Compensation Range and Benefits
- Salary/Hourly Rate Range*: $178,500 - $210,000
- This role is equity eligible
- This role offers a competitive benefits and wellness package
*Subject to location, experience, and education
What do we offer to the ideal candidate?
- A chance to improve the U.S. healthcare system at a high-growth company! Our leading healthcare financial platform is scaling rapidly, helping millions of patients per year
- Unless stated otherwise, most roles have flexibility to work from home or in the office, depending on what works best for you
- For exempt employees: Unlimited PTO for vacation, sick and mental health days–we encourage everyone to take at least 20 days of PTO per year to ensure dedicated time to spend with loved ones, explore, rest and recharge
- 16 weeks paid parental leave with health benefits for all parents, plus flexible re-entry schedules for returning to work
- Diversity initiatives that encourage Cedarians to bring their whole selves to work, including the Cedarian Advisory Group (a cross-functional cohort focused on increasing internal inclusiveness at Cedar) and three employee resource groups: be@cedar (for BIPOC-identifying Cedarians and their allies), Pridecones (for LGBTQIA+ Cedarians and their allies) and Cedar Women+ (for female-identifying Cedarians)

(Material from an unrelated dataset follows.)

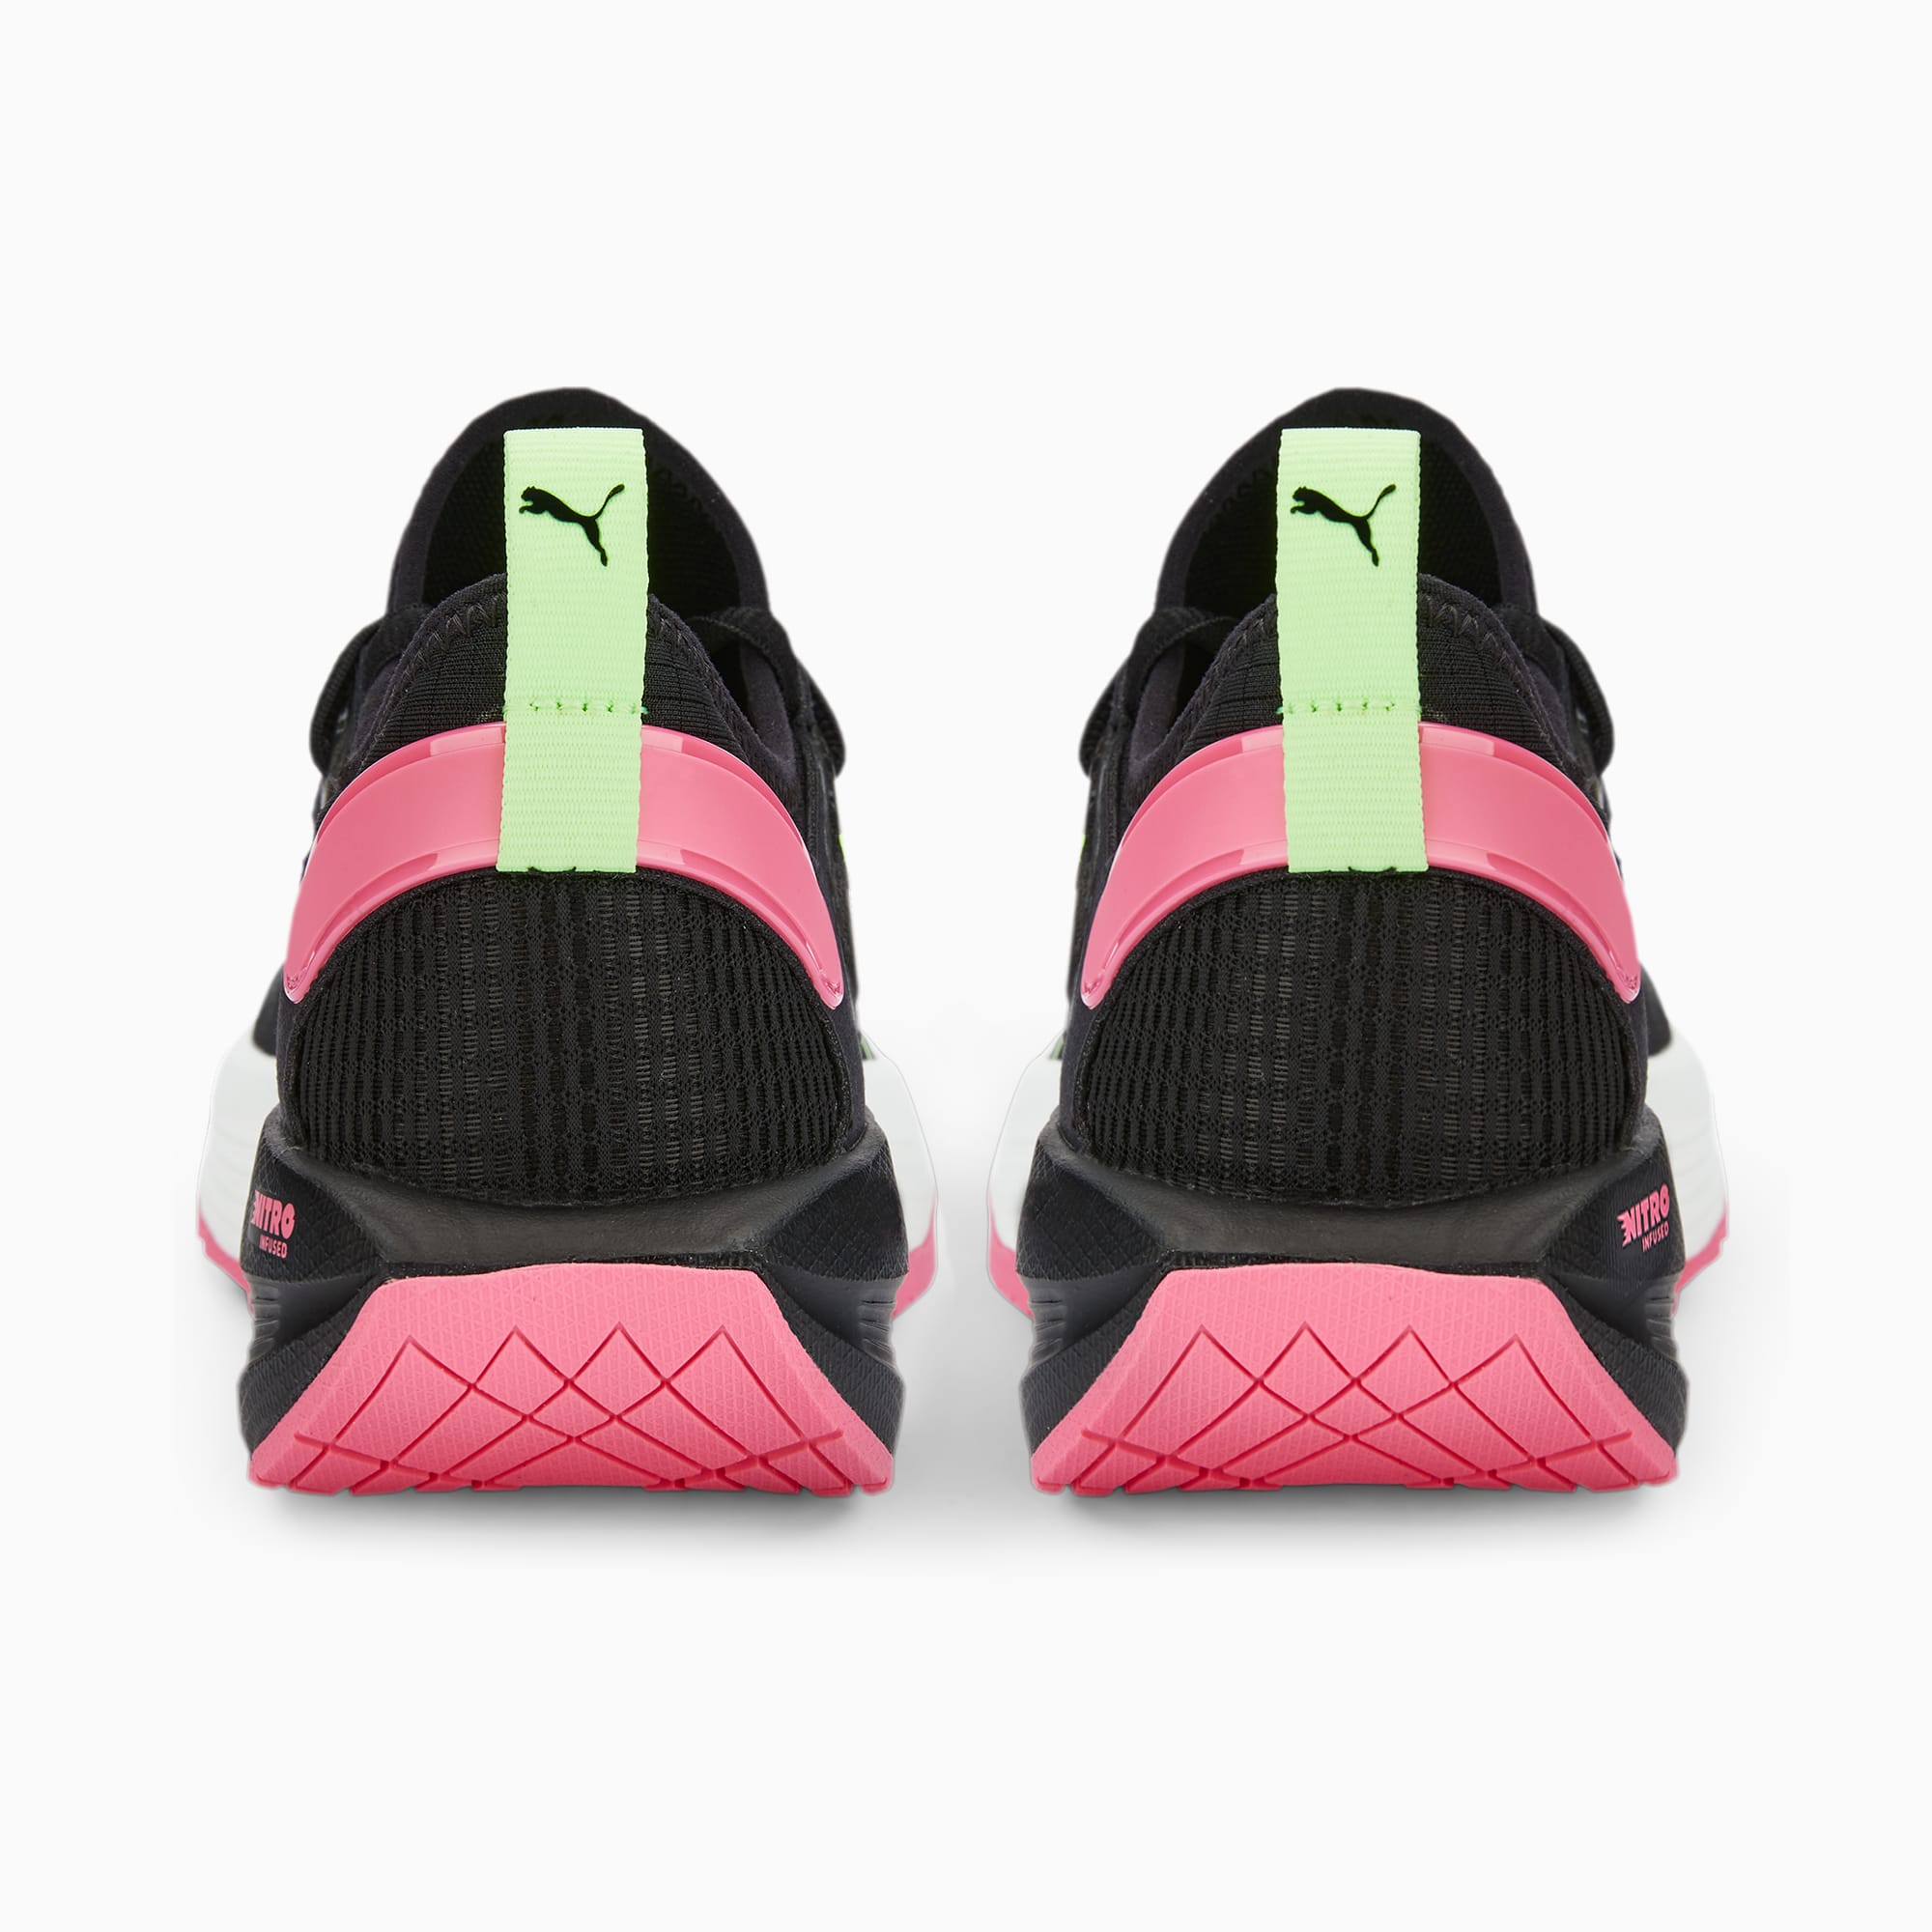  Puma Womens Pwr Xx Nitro Safari Glam Training Sneakers Shoes -  Pink - Size 5.5 M

- Competitive pay, equity (for qualifying roles) and health benefits that start on the first of the month following your start date (or on your start date if your start date coincides with the first of the month)

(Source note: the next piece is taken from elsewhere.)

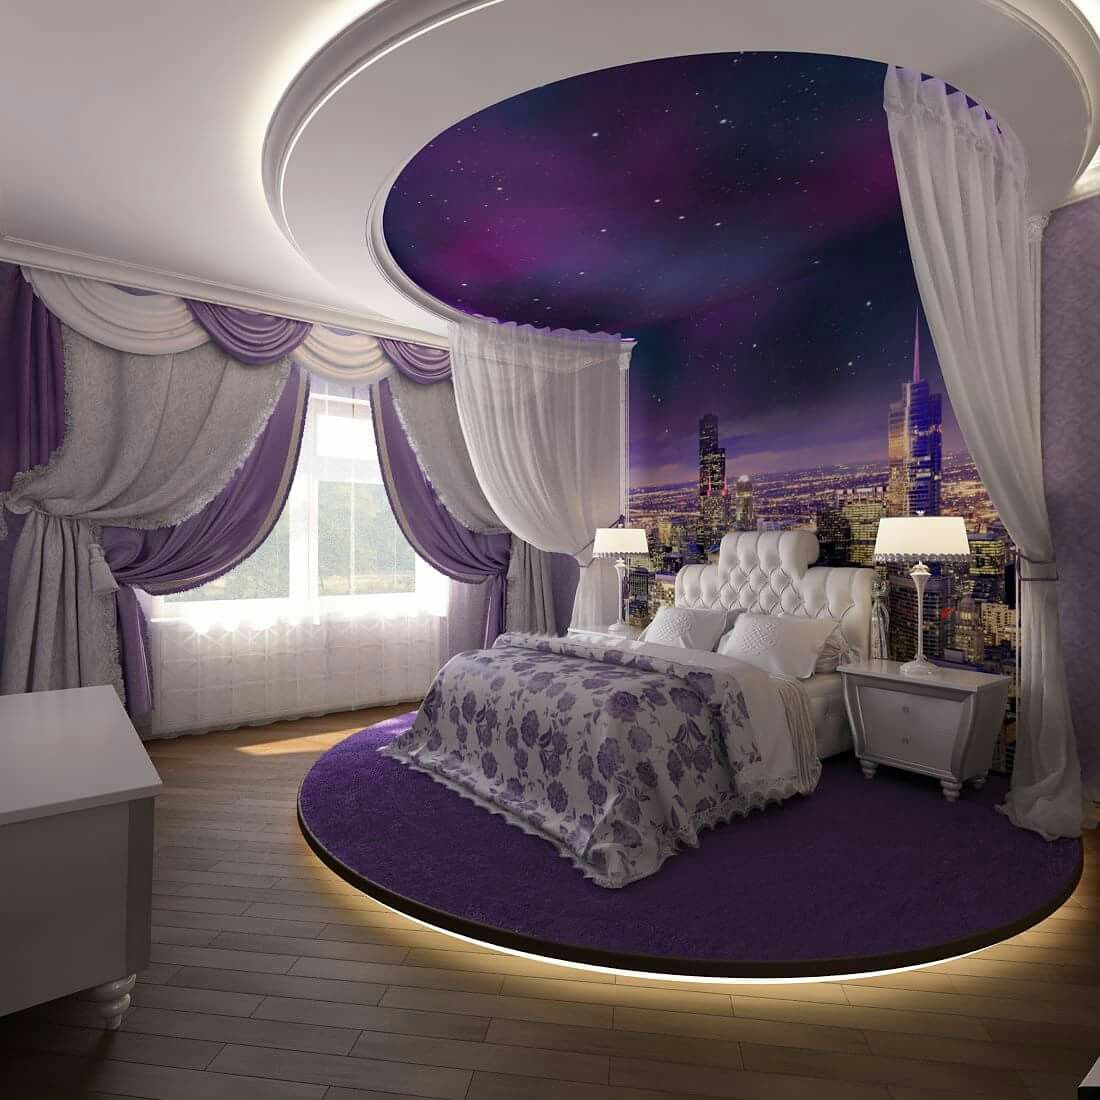 Purple Flowers In The Bedroom

- Cedar matches 100% of your 401(k) contributions, up to 3% of your annual compensation
- Access to hands-on mentorship, employee and management coaching, and a team discretionary budget for learning and development resources to help you grow both professionally and personally
Cedar was co-founded by Florian Otto and Arel Lidow in 2016 after a negative medical billing experience inspired them to help improve our healthcare system. With a commitment to solving billing and patient experience issues, Cedar has become a leading healthcare technology company fueled by remarkable growth. Over the past several years, we’ve raised more than $350 million in funding from investors such as Andreessen Horowitz and Tiger Global, bringing Cedar’s valuation to $3.2 billion.

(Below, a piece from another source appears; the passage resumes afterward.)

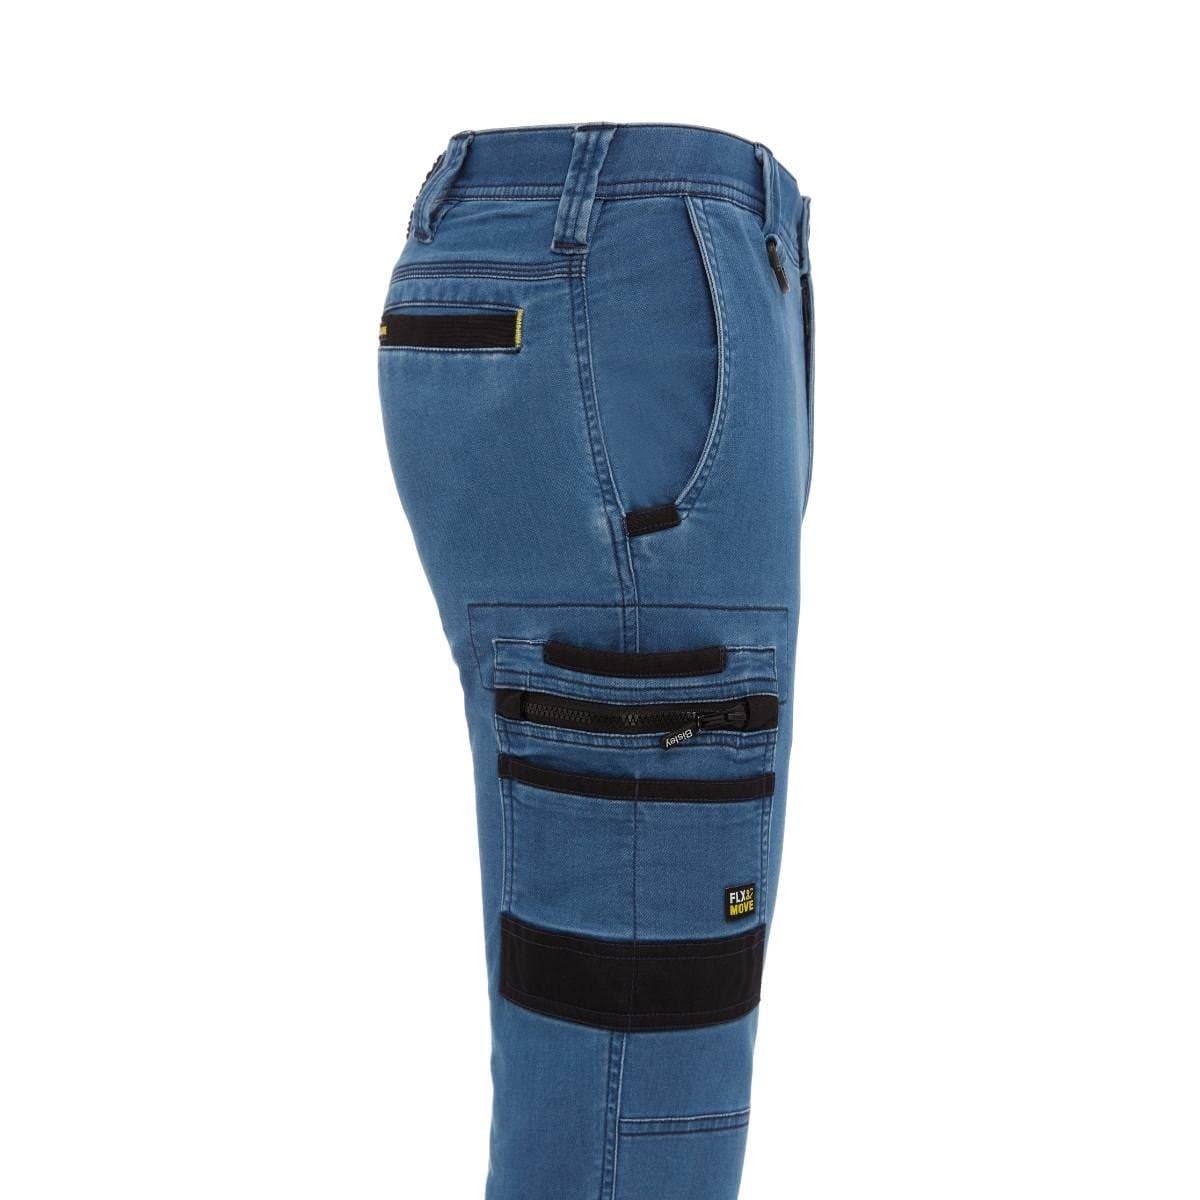 Bisley Flx & Move™ Stretch Denim Cargo Cuffed Pants BPC6335

As of December 2022, Cedar is engaging with 20 million patients on an annualized basis, and is on target to process $2.7 billion in patient payments annually. Cedar’s ambition is to serve 50-60 million Americans by 2025, about half of the U.S. population that makes medical payments annually. Cedar partners with more than 55 leading healthcare providers and payers including Highmark Inc., Allegheny Health Network, Summit Health, Novant Health, Allina Health and Providence.